Modified: projects/largeSMP/sys/i386/i386/db_trace.c
==============================================================================
--- projects/largeSMP/sys/i386/i386/db_trace.c	Fri May 20 14:32:28 2011	(r222130)
+++ projects/largeSMP/sys/i386/i386/db_trace.c	Fri May 20 14:53:16 2011	(r222131)
@@ -312,7 +312,8 @@ db_nextframe(struct i386_frame **fp, db_
 			frame_type = TRAP_TIMERINT;
 		else if (strcmp(name, "Xcpustop") == 0 ||
 		    strcmp(name, "Xrendezvous") == 0 ||
-		    strcmp(name, "Xipi_intr_bitmap_handler") == 0)

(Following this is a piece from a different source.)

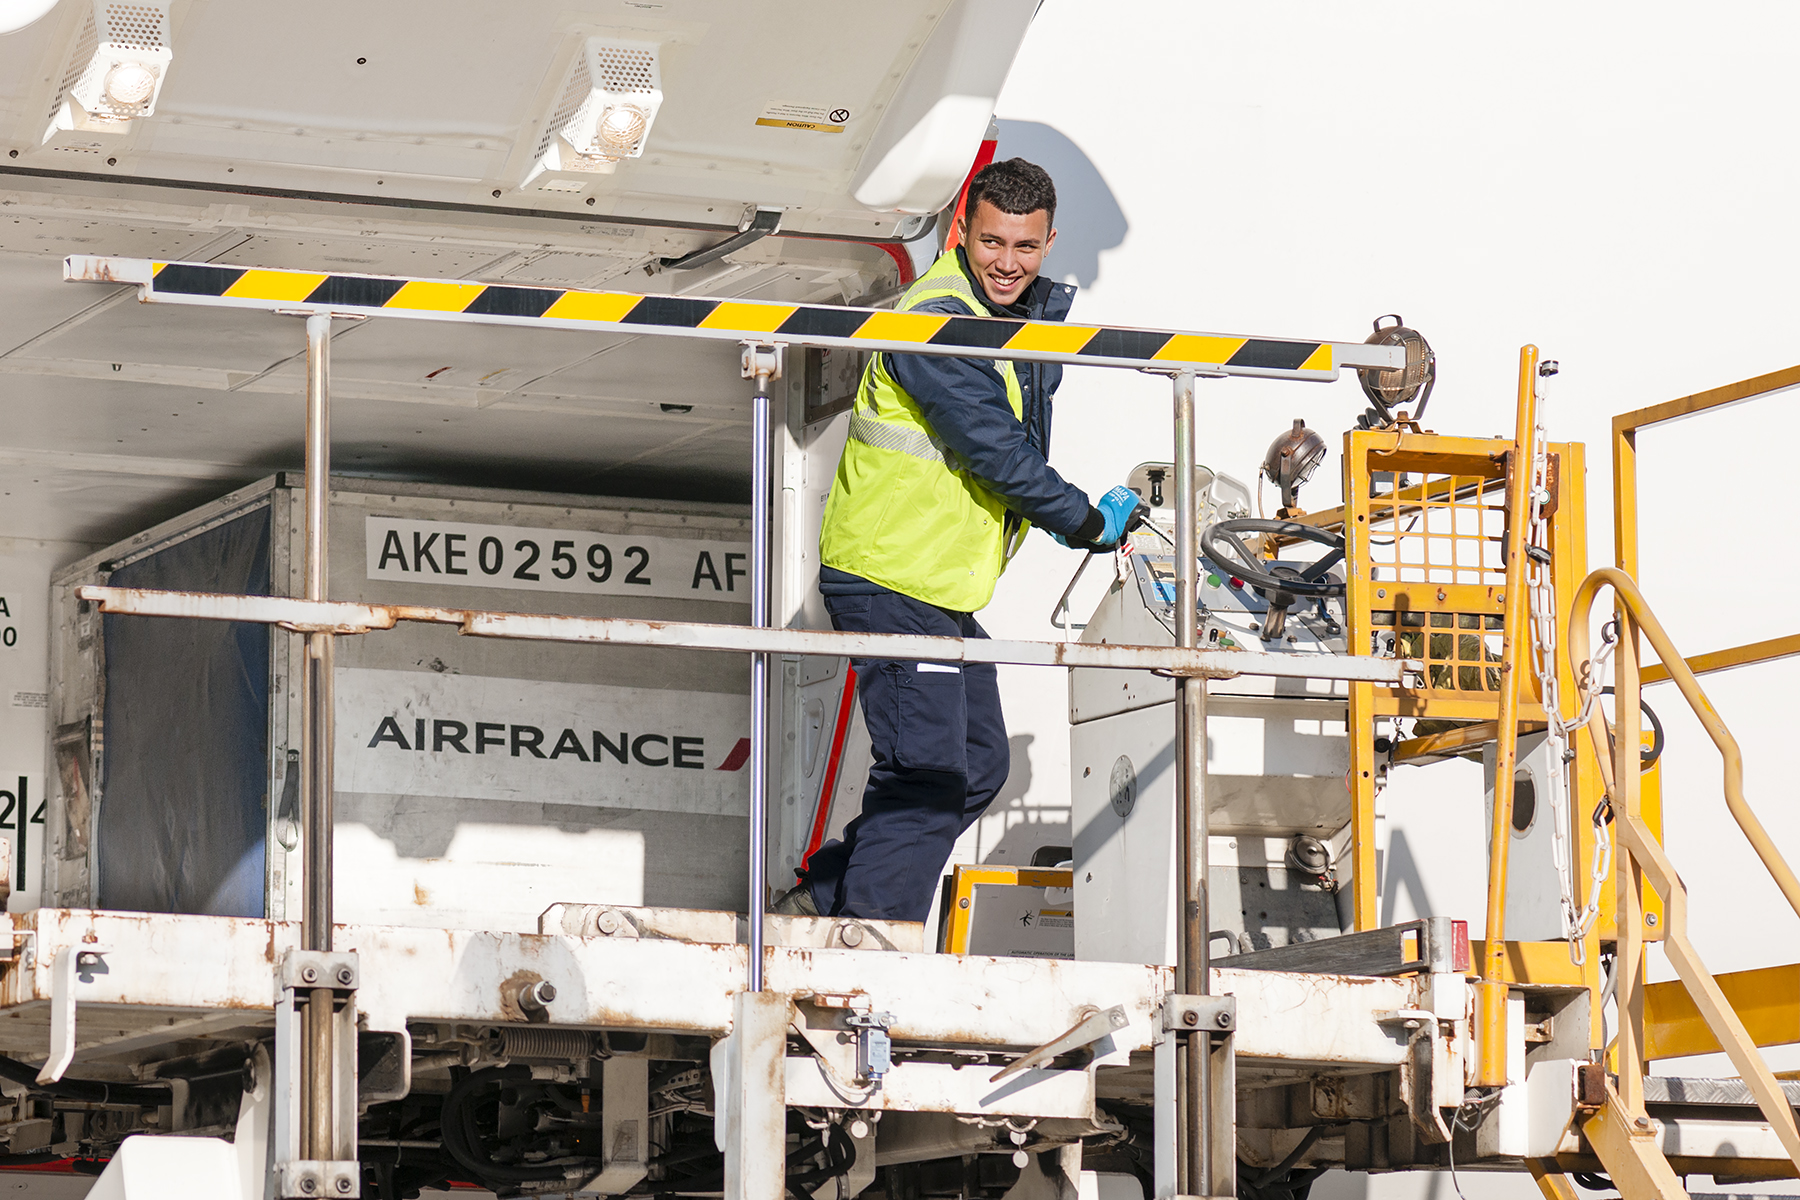 Air France at Work 5.jpg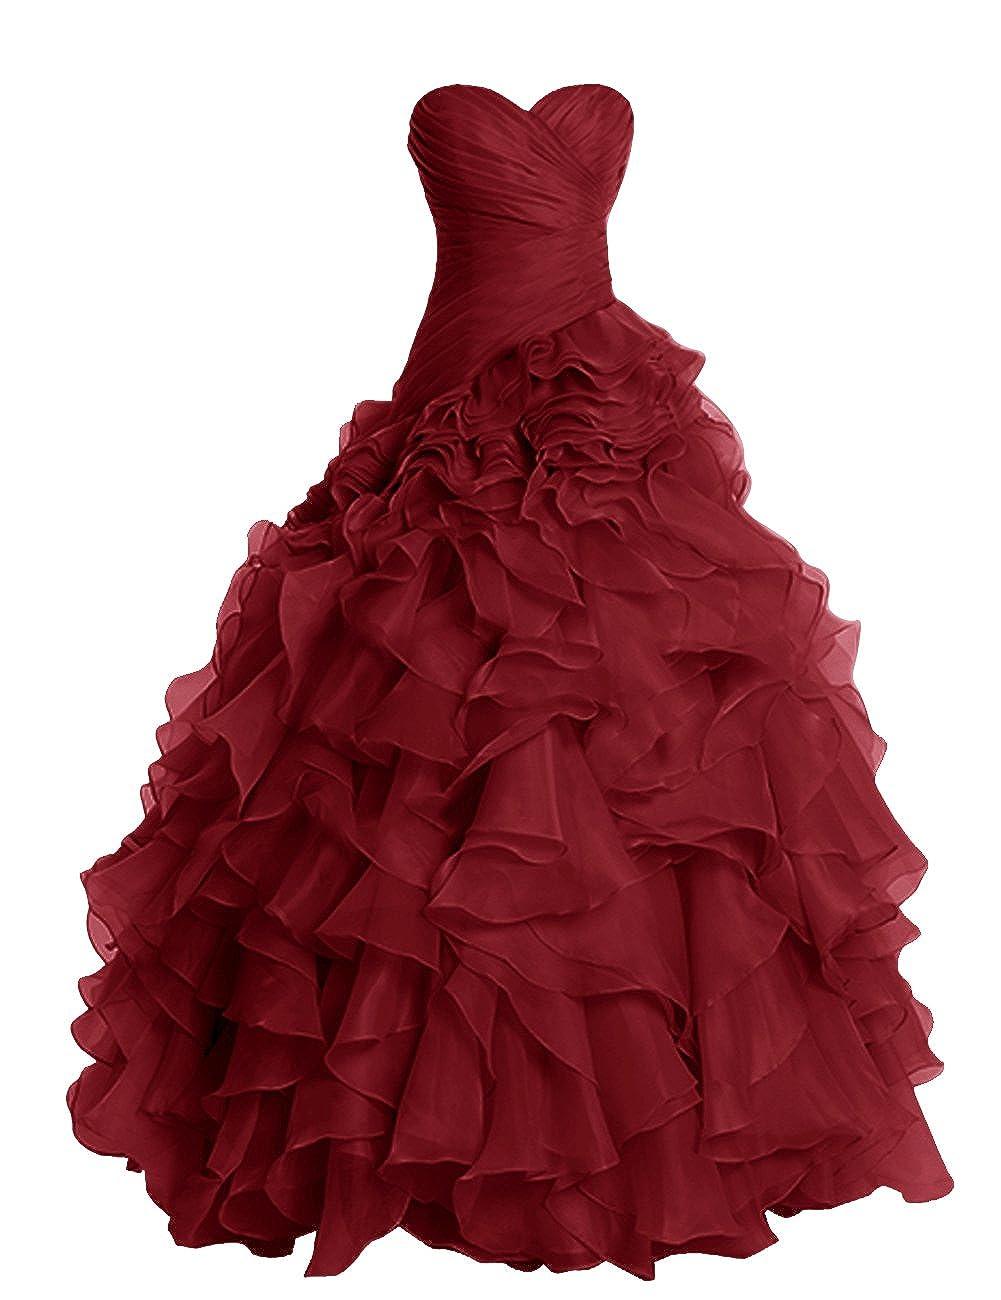 Burgundy Dresstells® Long Prom Dress Fluffy Bridesmaid Dress Wedding Dress with Ruffles

+		    strcmp(name, "Xipi_intr_bitmap_handler") == 0 ||
+		    strcmp(name, "Xlazypmap") == 0)
 			frame_type = TRAP_INTERRUPT;
 	}
 

Modified: projects/largeSMP/sys/i386/i386/mp_machdep.c
==============================================================================
--- projects/largeSMP/sys/i386/i386/mp_machdep.c	Fri May 20 14:32:28 2011	(r222130)
+++ projects/largeSMP/sys/i386/i386/mp_machdep.c	Fri May 20 14:53:16 2011	(r222131)
@@ -166,6 +166,7 @@ u_long *ipi_invlrng_counts[MAXCPU];
 u_long *ipi_invlpg_counts[MAXCPU];
 u_long *ipi_invlcache_counts[MAXCPU];
 u_long *ipi_rendezvous_counts[MAXCPU];
+u_long *ipi_lazypmap_counts[MAXCPU];
 static u_long *ipi_hardclock_counts[MAXCPU];
 #endif
 
@@ -575,6 +576,10 @@ cpu_mp_start(void)
 	setidt(IPI_INVLCACHE, IDTVEC(invlcache),
 	       SDT_SYS386IGT, SEL_KPL, GSEL(GCODE_SEL, SEL_KPL));
 
+	/* Install an inter-CPU IPI for lazy pmap release */
+	setidt(IPI_LAZYPMAP, IDTVEC(lazypmap),
+	       SDT_SYS386IGT, SEL_KPL, GSEL(GCODE_SEL, SEL_KPL));
+
 	/* Install an inter-CPU IPI for all-CPU rendezvous */
 	setidt(IPI_RENDEZVOUS, IDTVEC(rendezvous),
 	       SDT_SYS386IGT, SEL_KPL, GSEL(GCODE_SEL, SEL_KPL));
@@ -1718,6 +1723,8 @@ mp_ipi_intrcnt(void *dummy)
 		intrcnt_add(buf, &ipi_ast_counts[i]);
 		snprintf(buf, sizeof(buf), "cpu%d:rendezvous", i);
 		intrcnt_add(buf, &ipi_rendezvous_counts[i]);
+		snprintf(buf, sizeof(buf), "cpu%d:lazypmap", i);
+		intrcnt_add(buf, &ipi_lazypmap_counts[i]);
 		snprintf(buf, sizeof(buf), "cpu%d:hardclock", i);
 		intrcnt_add(buf, &ipi_hardclock_counts[i]);
 	}		

Modified: projects/largeSMP/sys/i386/i386/pmap.c
==============================================================================
--- projects/largeSMP/sys/i386/i386/pmap.c	Fri May 20 14:32:28 2011	(r222130)
+++ projects/largeSMP/sys/i386/i386/pmap.c	Fri May 20 14:53:16 2011	(r222131)
@@ -1900,6 +1900,104 @@ retry:
 * Pmap allocation/deallocation routines.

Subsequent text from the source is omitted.